Assignment:
Restate all the data word for word and omit the pictures.

Available data:
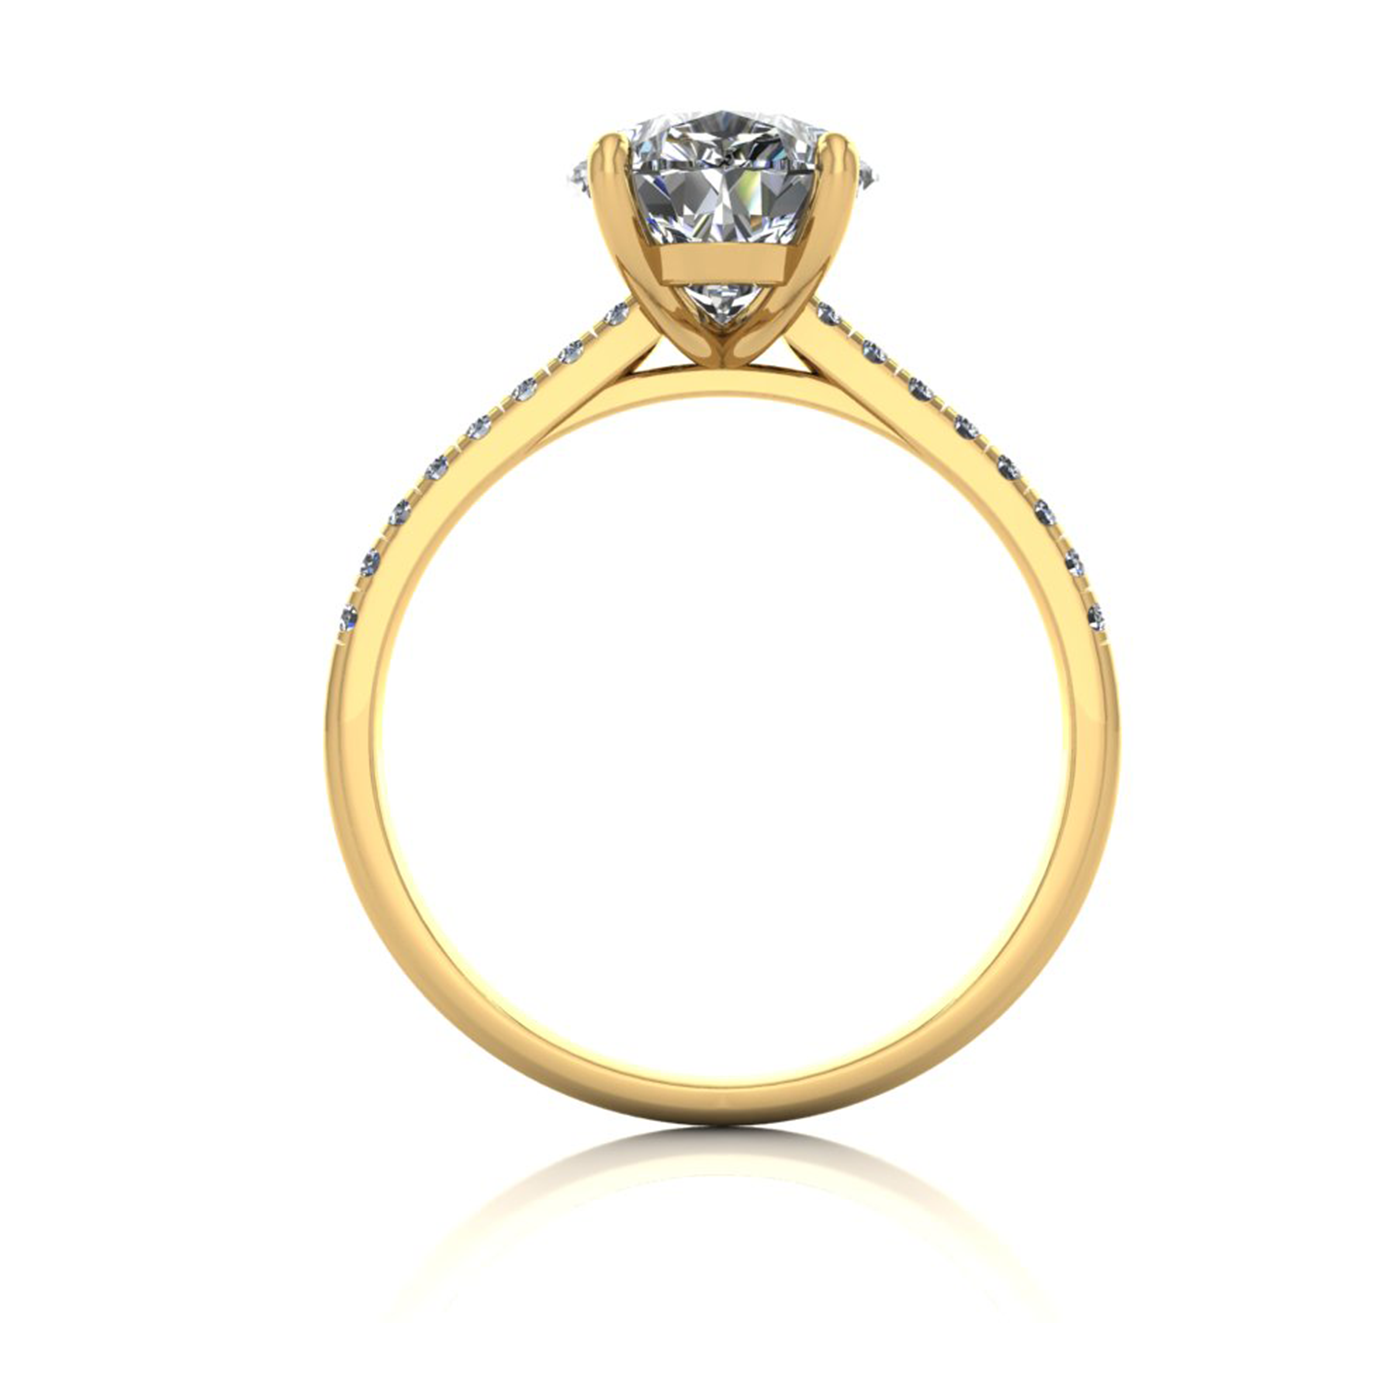 18k yellow gold 2,50 ct 3 prongs pear diamond engagement ring with whisper thin pavÉ set band
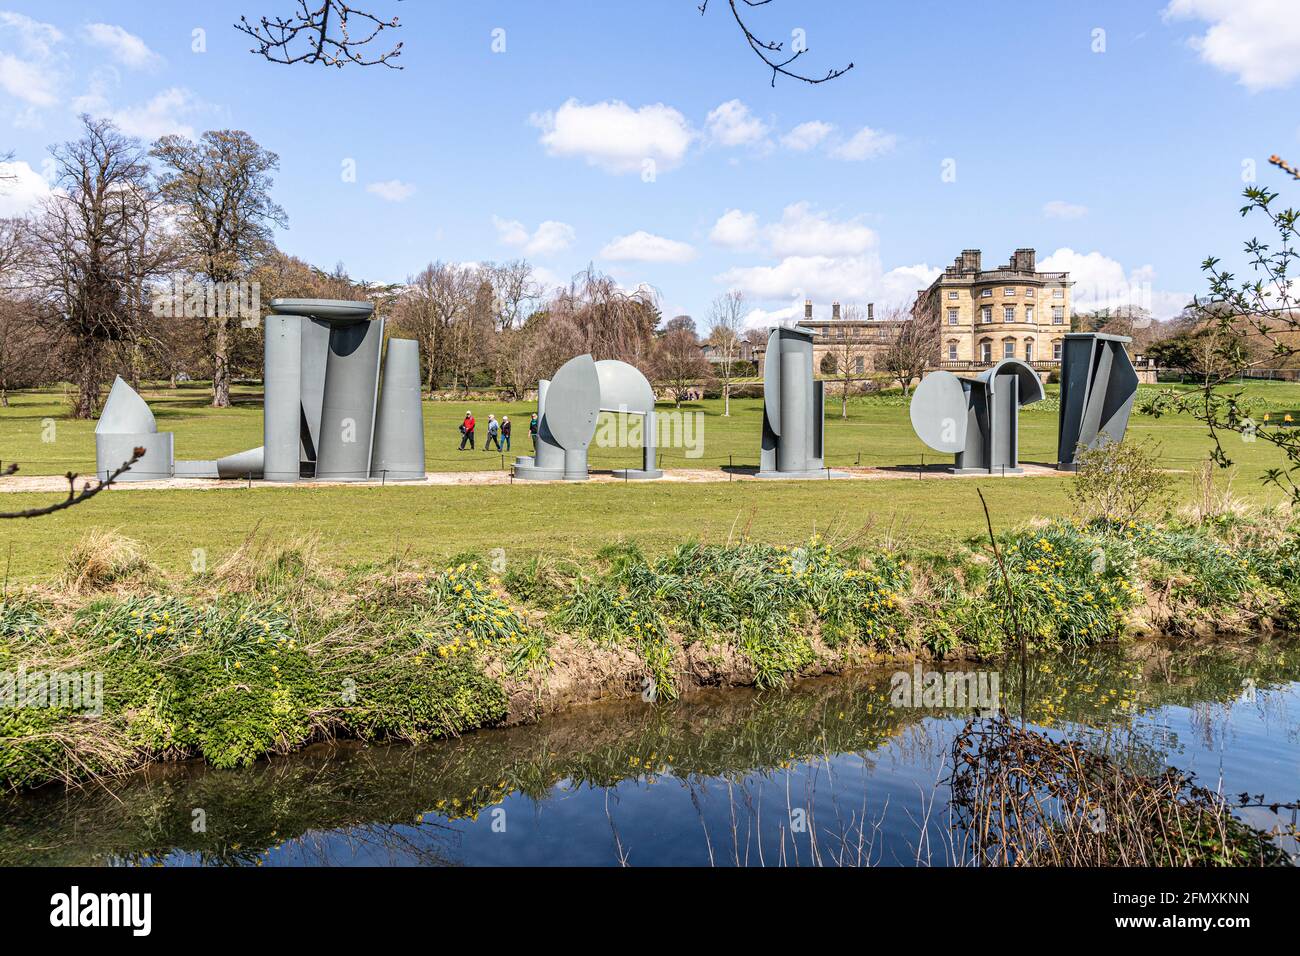 An exhibit at the Yorkshire Sculpture Park YSP at Bretton Hall, Wakefield, West Yorkshire, England UK - Promenade 1996 by Anthony Caro Stock Photo
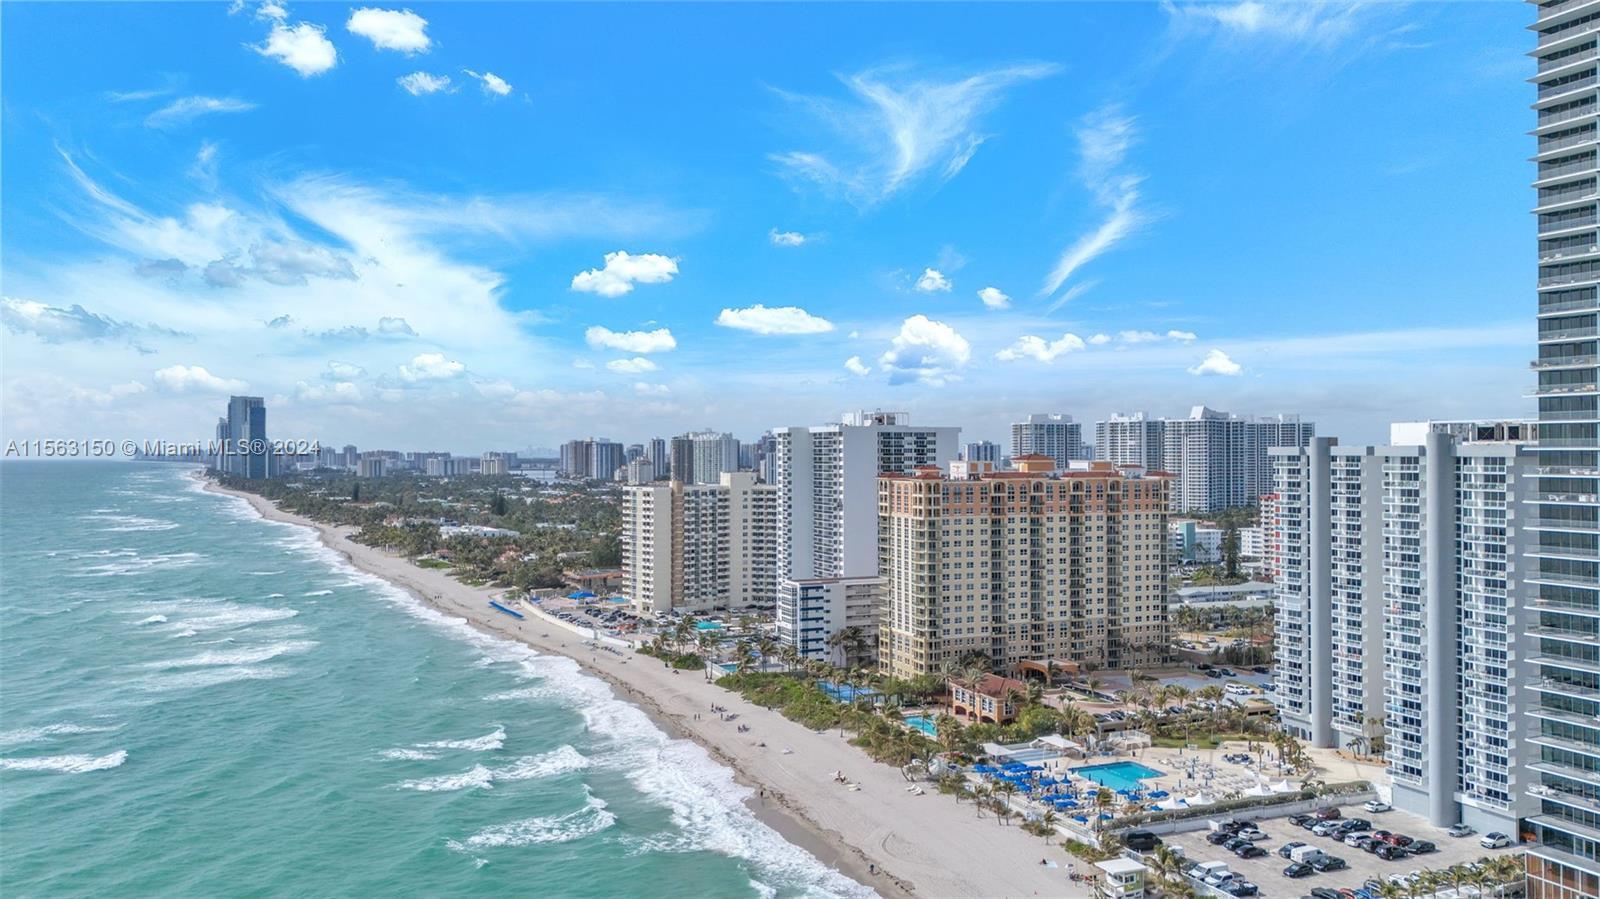 Beautiful Ocean View! Parker Plaza offers a coveted beachfront location with resort-style amenities.
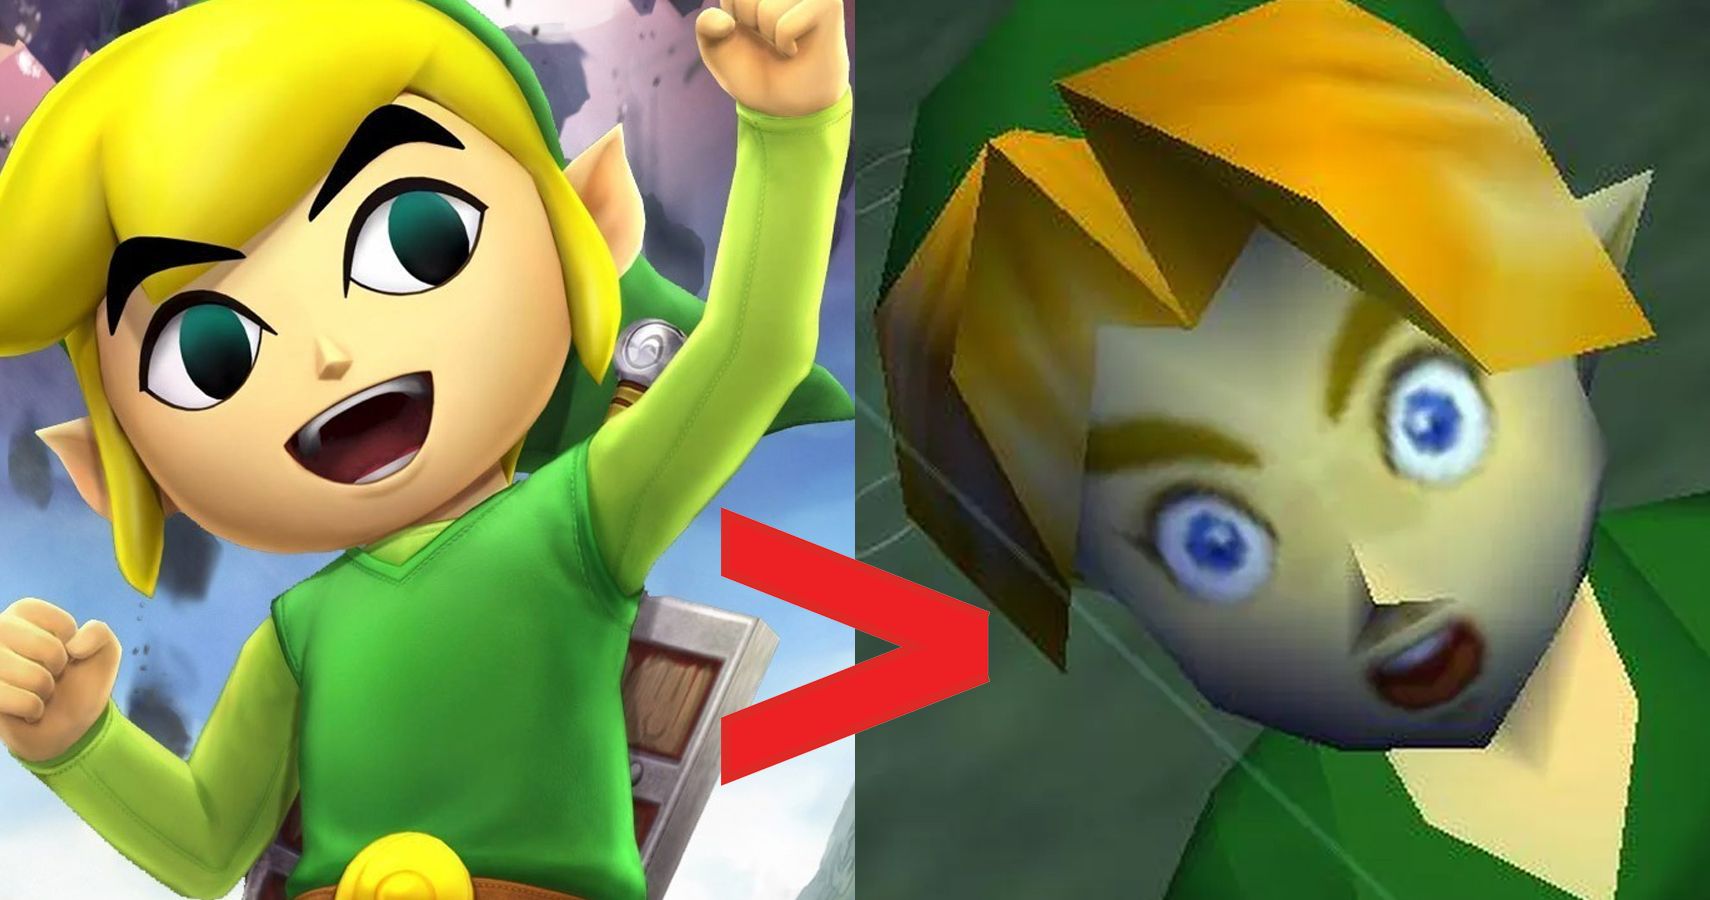 Zelda Theory: How Old is Link in Ocarina of Time and The Wind Waker?

Your solution:
 18k yellow gold 2,50 ct 3 prongs pear diamond engagement ring with whisper thin pavÉ set band
 An exhibit at the Yorkshire Sculpture Park YSP at Bretton Hall, Wakefield, West Yorkshire, England UK - Promenade 1996 by Anthony Caro Stock Photo
 Beautiful Ocean View! Parker Plaza offers a coveted beachfront location with resort-style amenities.
 Zelda Theory: How Old is Link in Ocarina of Time and The Wind Waker?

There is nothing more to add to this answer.